START PROVIDED RECORDS

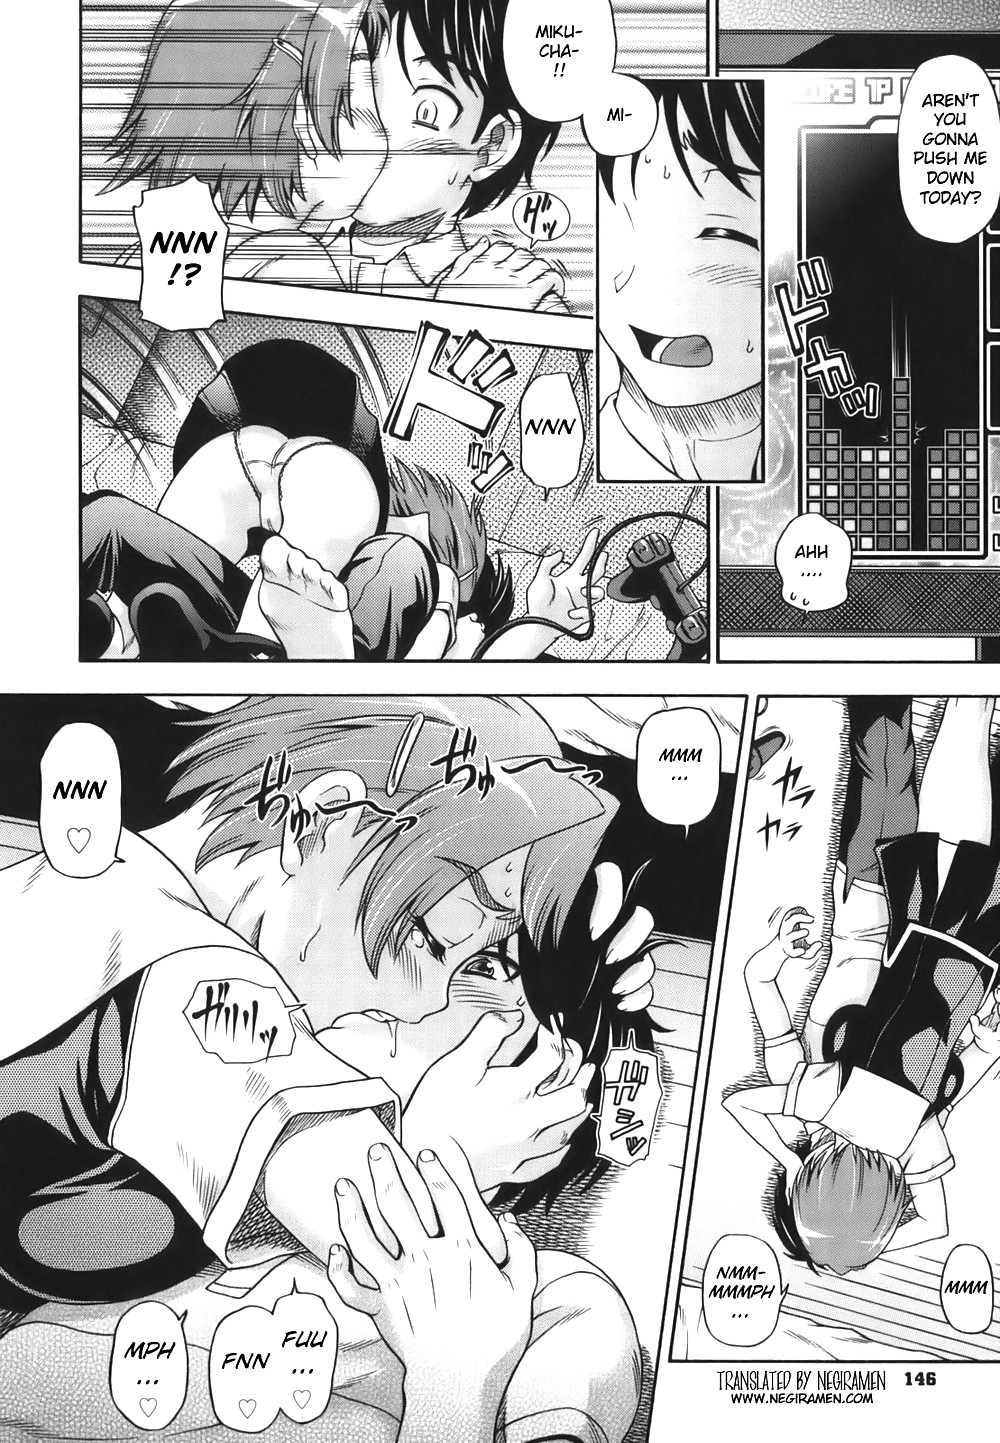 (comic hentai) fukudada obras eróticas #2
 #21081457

END PROVIDED RECORDS
START PROVIDED RECORDS

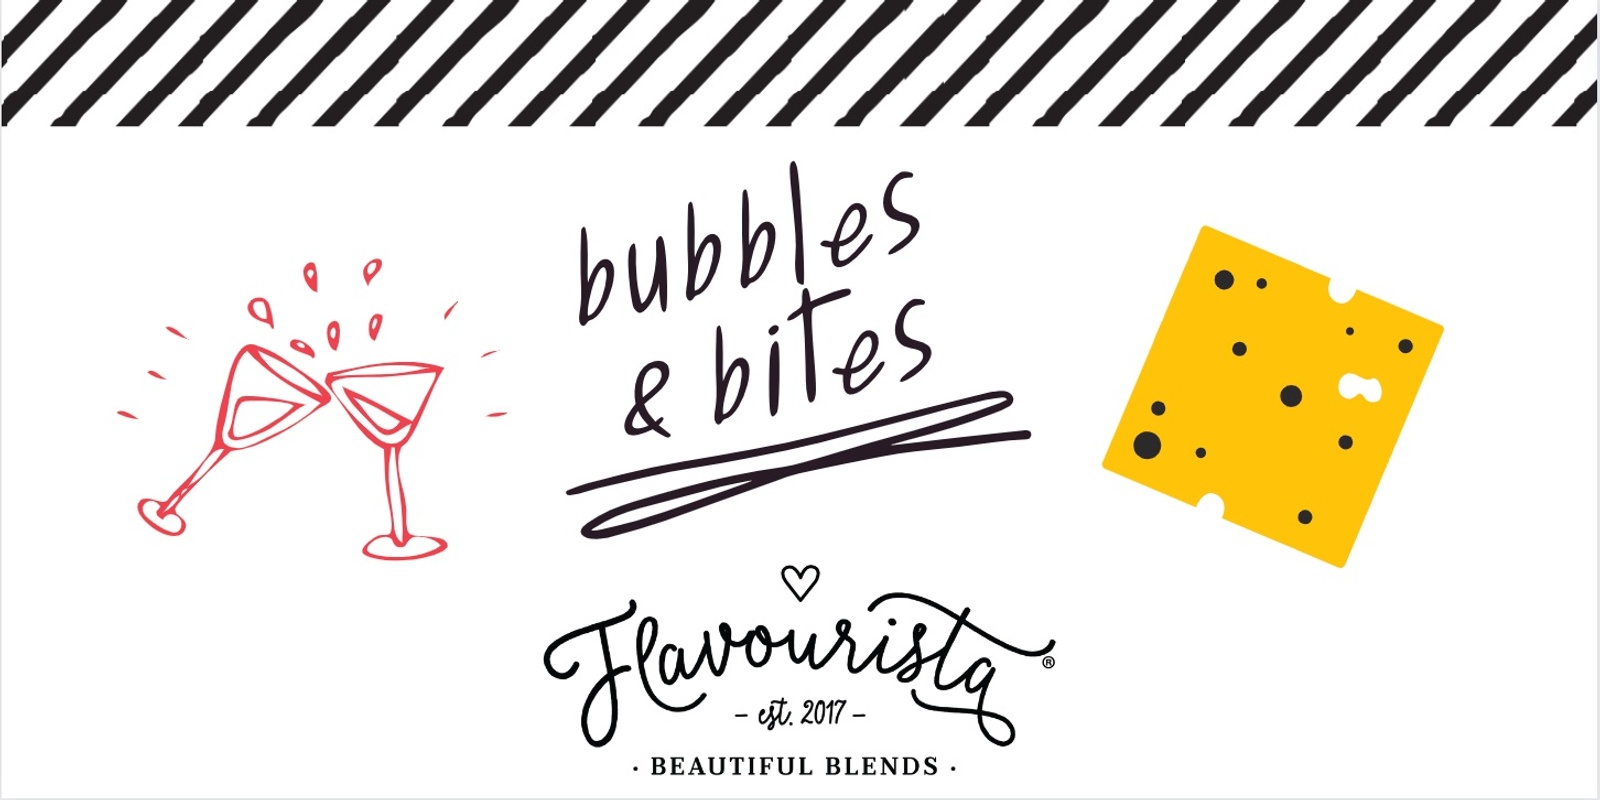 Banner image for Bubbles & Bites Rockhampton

END PROVIDED RECORDS
START PROVIDED RECORDS

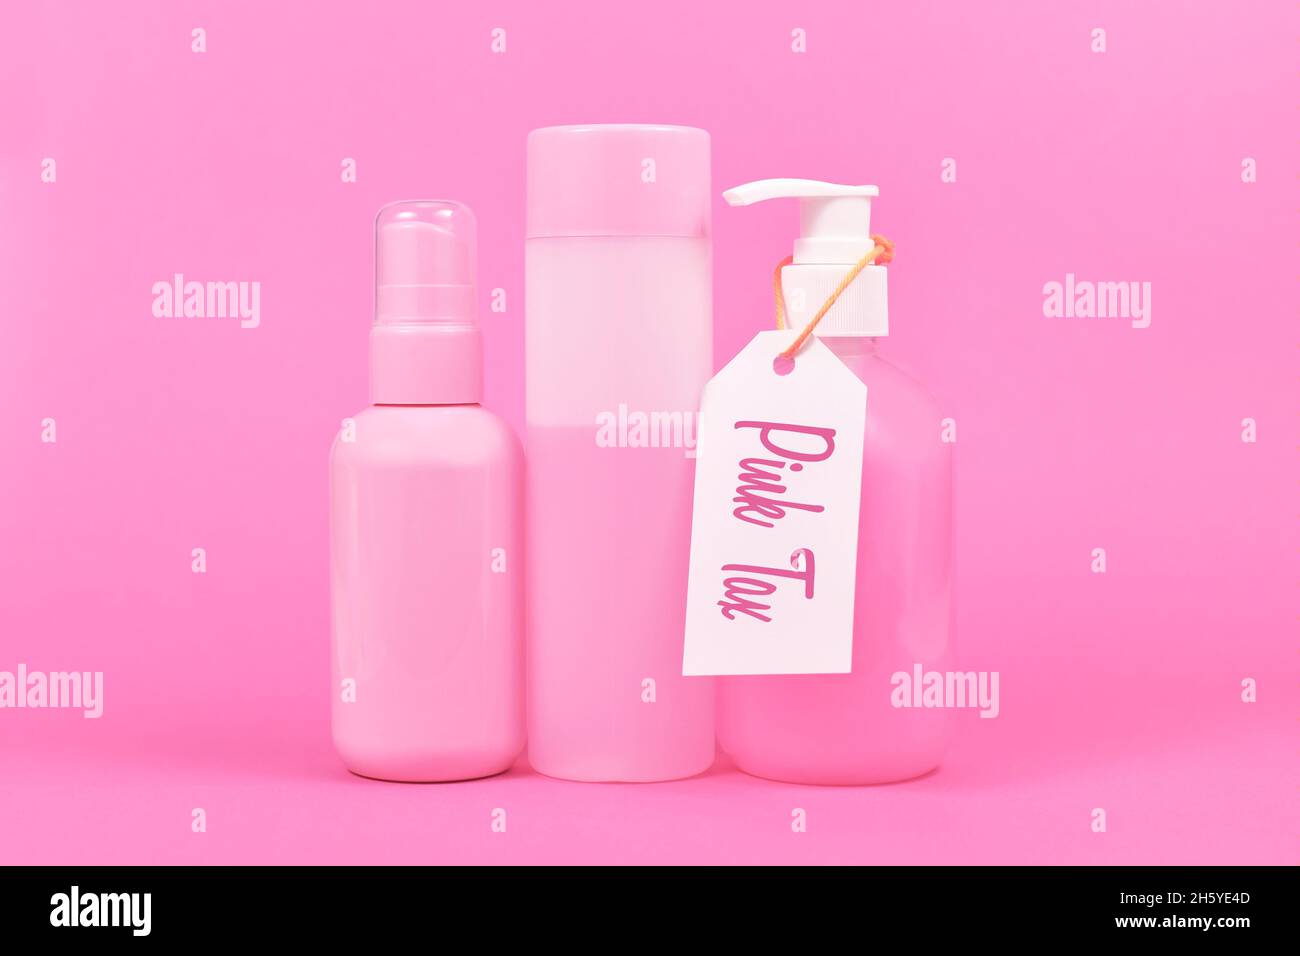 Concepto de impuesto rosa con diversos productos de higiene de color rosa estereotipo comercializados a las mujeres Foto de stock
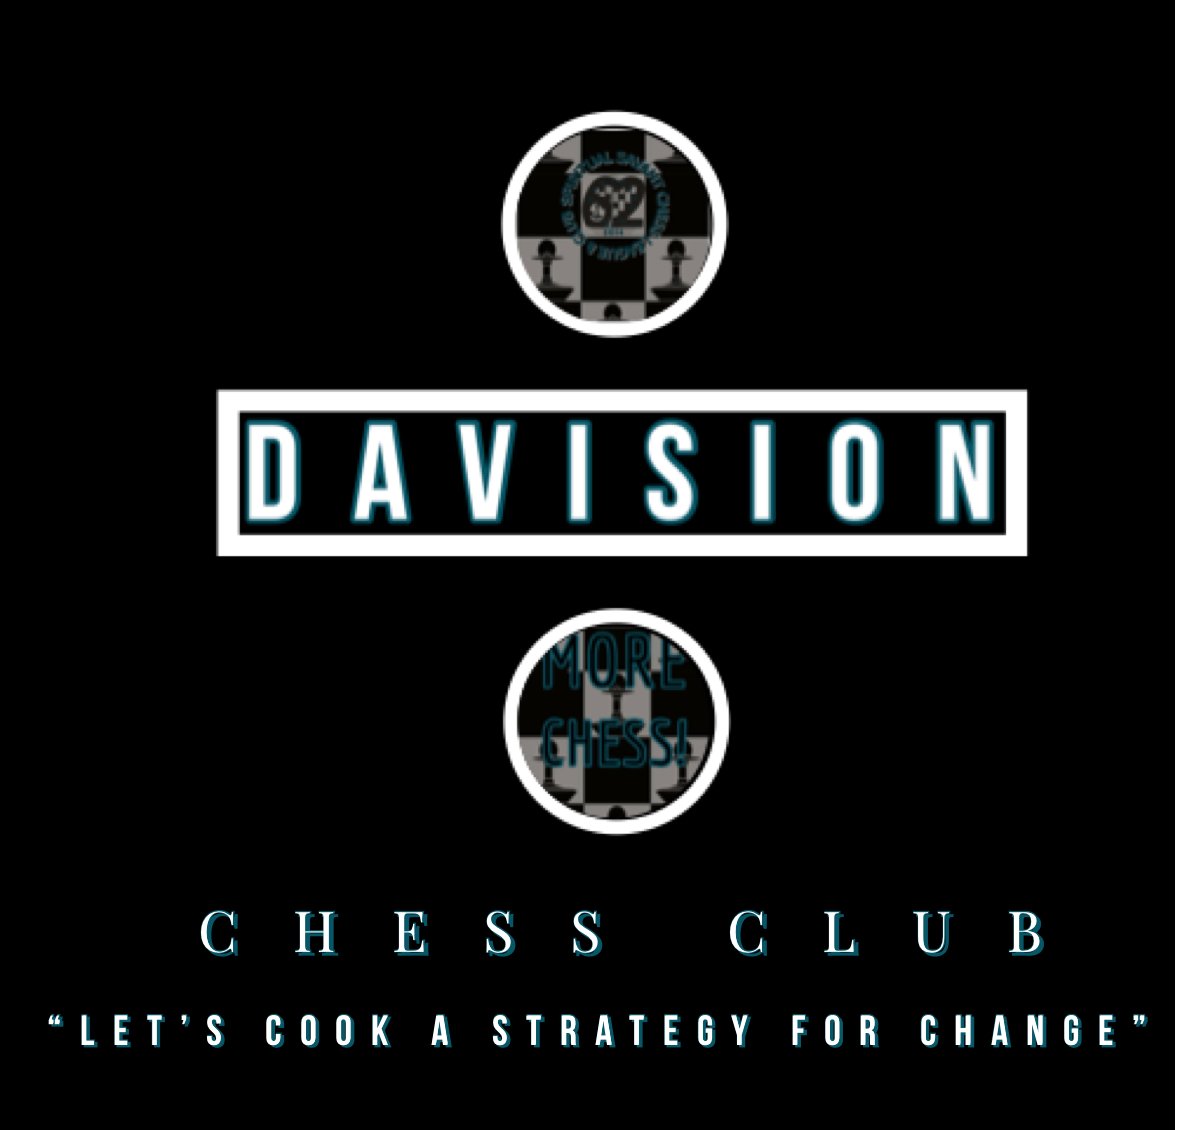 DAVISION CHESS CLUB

END PROVIDED RECORDS

Starting at the line above that holds "Concepto de impuesto", repeat every line exactly down to and including the line that holds "DAVISION CHESS CLUB", then stop. Do not carry over any pictures.

 Concepto de impuesto rosa con diversos productos de higiene de color rosa estereotipo comercializados a las mujeres Foto de stock
 DAVISION CHESS CLUB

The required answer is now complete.